1.) Why does Central Market hate me and rearrange their coffee every time I go in there? I am not ashamed of my coffee preferences, but I am conscious of the fact that in general, my economic class does not say shit like, "No, not the decaf free-trade organic Sumatran with the full body and high acid; I mean the regular free-trade organic Sumatran low-acid, shade-grown, full caffeine." I sound like a parody from Family Guy. It's not that I am mocking people who are environmentally aware, but I feel like a very specialized afterschool special for the Montessori crowd whose parents went very green five years ago and talk about their composting strategies.



If you've never been to Central Market, it's the definition of how the future saw the working class and realized there was a market here for them: it's an upscale grocery store that is aware that its real target audience is a.) people who feel they really need to feel more socially aware of their food in a vague way due to their kids growing up here and b.) want to feel they are helping the environment and being socially conscious while c.) knowing shit about it and there is little hope we have any chance of catching up with Austin's level of Go Green or Die (in an environmentally friendly way) In a Fire, so for fuck's sake, make it easy on us, okay? It's nice for those of us who are, well, me, who want to be and yet are sublimely aware we kind of fail at that kind of thing. I don't want to say there's a pervasive sense of ironic shopping going on, but there is the general feeling that we're there because Whole Foods pissed us off and hurt our feelings and smelled really, really bad, but Central Market likes us and doesn't mind that right after this the kids are getting Kentucky Fried Chicken for dinner.

I'd been fine in produce, okay with the bread section (barely), but got to the olive/dip/salsa bar and broke entirely and with a vengeance. Which is how I ended up with love dip (pink, delicious), asparagus, spinach and cheese (sell soul, worth it) and an orangish one that involved bacon. The weighing machine was working but the labeler was out of ink, so in a fit of shopping-mania I took pictures of the weight/price display for the cashiers before my mother gently took my phone and the nice men in the fresh food area took the dips from me warily and got them weighed and labeled. I'm want to say it would have occurred to me to turn and see them signaling that they would do this, but that would be a dirty lie. We walked by cheese and the brie was right there and I may or may not have been clutching a baguette and six tangerines (I lied about making it through produce and breads, fine) and brie requires jam, and yeah. So I was already fucked by the time I made it to coffee.

(Note: there is no such thing as tangerine jam, jelly, preserves, or compote. There's jalapeno all of those, boisonberry, goddamn pepper, but not tangerine. Why?)
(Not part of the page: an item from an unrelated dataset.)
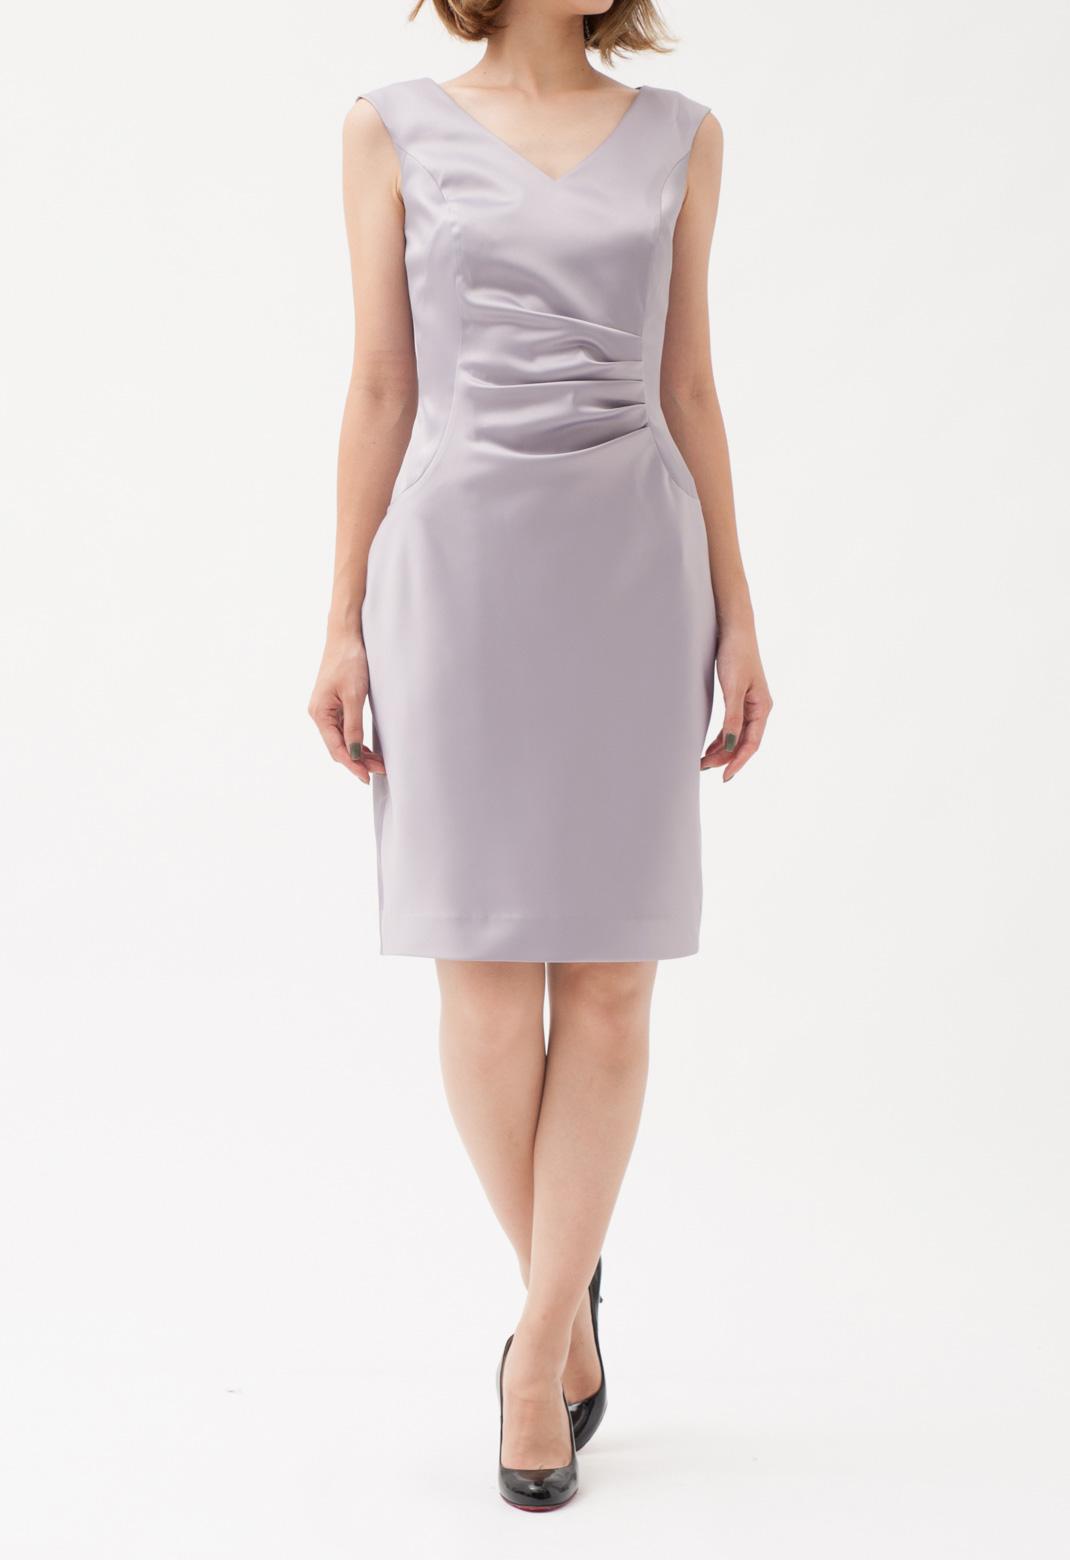 Vネック ウエストタック ノースリーブ ドレス

The coffee area is also the tea and free-range pantry section, where you can dip your own flour, granola, and jelly beans into recycled paper bags, weigh and price right there. There's also a huge spice area. It's nice and kind of relaxing; the aisles are wide and most of us are wandering around feeling in general good, right up until the coffee, which spans part of the back wall and the ends of the aisles and is organized by the Mayan calendar, the revised Astrology charts, or the moon cycles in turn, so if you liked the third coffee to the left, you'd better know more than it was dark and strong. I've never once seen the same coffee in the same place twice, and occasionally, someone I assume new and really excited reads the coffee summary and gets really determined that the name be super accurate or someone older and realistic decides minimalist naming is key. Neither ends well. There used to be a label color pattern (guess what green text meant?) but they abandoned that due to Pluto being de-planeted, I assume, so now green text just means they're protesting that, or possibly the labeling machine was green-text only this month.

Then they did this thing where all the coffee of the really expensive variety gets into giant jars and is in a shady corner--no idea about this one--on the other side of the tea, behind the counter, with a sharp-eyed tea expert-light to watch while you stare at Kona because they changed the name of your Sumatran again and you don't know what to do and may in a fit of frustration just get some of that even though you might need to quickly do a balance transfer to afford it.

(You'd think this would be logical, except the entire store is an exercise in the trust system for picking and weighing and pricing your own produce, free-range pantry, and various items. Yes, the kona and blue mountain are hideously expensive, but like, so are the organics over to the left and they aren't jarred and guarded, so come on. The entire point of the store is to make those of us who usually get snubbed at high end stores feel comfortable and not like we're going to make off with your special organic gluten-free soy milk-made cheese bread to our gas-guzzling cars with some Miller Lite in the back cackling about getting away with it. And McDonalds.)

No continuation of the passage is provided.